Discovering there is no clock in room 6 most definitely does affect the probability. Suppose you don’t stop at checking just one room, you check 8 or 9 rooms and still don’t find the clock? Wouldn’t you now be inclined to think that maybe there isn’t a clock at all?
Anyway, the correct answer is 10/19, as has been said before.
Are you guys sure about this? Would I just make myself look like an ass if I continue to argue it?
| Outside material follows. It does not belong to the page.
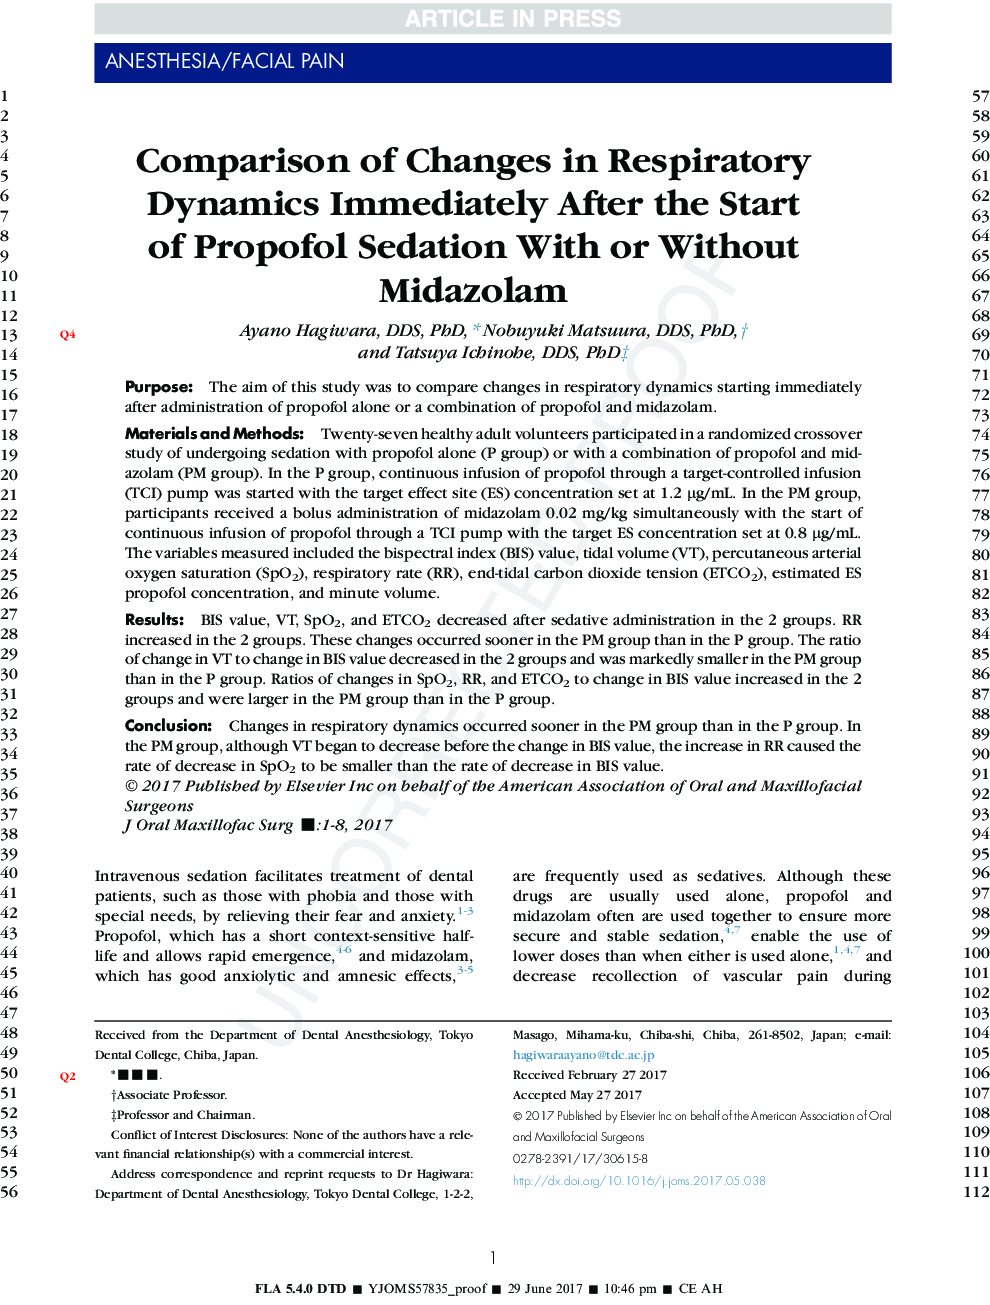 Comparison of Changes in Respiratory Dynamics Immediately After the Start of Propofol Sedation With or Without Midazolam

Wolfman makes a pretty convincing case (and is most likely correct), but I still can’t help but see it as 50:50. The coin is tossed. The outcome determines if it is in the house at all. If the house had only two rooms, and if you know that one room doesn’t have the clock, it seems that it still is a fifty/fifty chance that there may be a clock in the other room. Similarly, if there were three rooms, and one room is opened and no clock is found, the chance that the clock is in one of the other two rooms is not affected by the discovery that it isn’t in the first room. If this is carried on up to 10 rooms, or even more, it still seems as if the chances of the clock being in the house at all are still fifty/fifty.
My theory relies on the assumption (which very well may be incorrect) that the only information gained by not finding a clock in room 6 is that there isn’t a clock in room 6, and is not indicative of the clock being in the house at all.
Please help me.
I think SouthernStyle tripped up on semantics. I’m sure what was meant was, “There was originally a 50-50 chance that the clock was NOT placed in the house.” The rest of the analysis, and the final conclusion: “However there is now a 10 in 19 chance that the clock will not now be found in the house.” look correct to me.
Seems to me that the “1 in 2” crowd is getting confused by one of the issues that dogs the Monty Hall problem, namely, that each additional bit of information affects the probability. For those of you who think the answer is 1 in 2, riddle me this: Suppose the OP was:
Now what is the answer? Is it one in two?
And another thing: Why isn’t this in General Questions?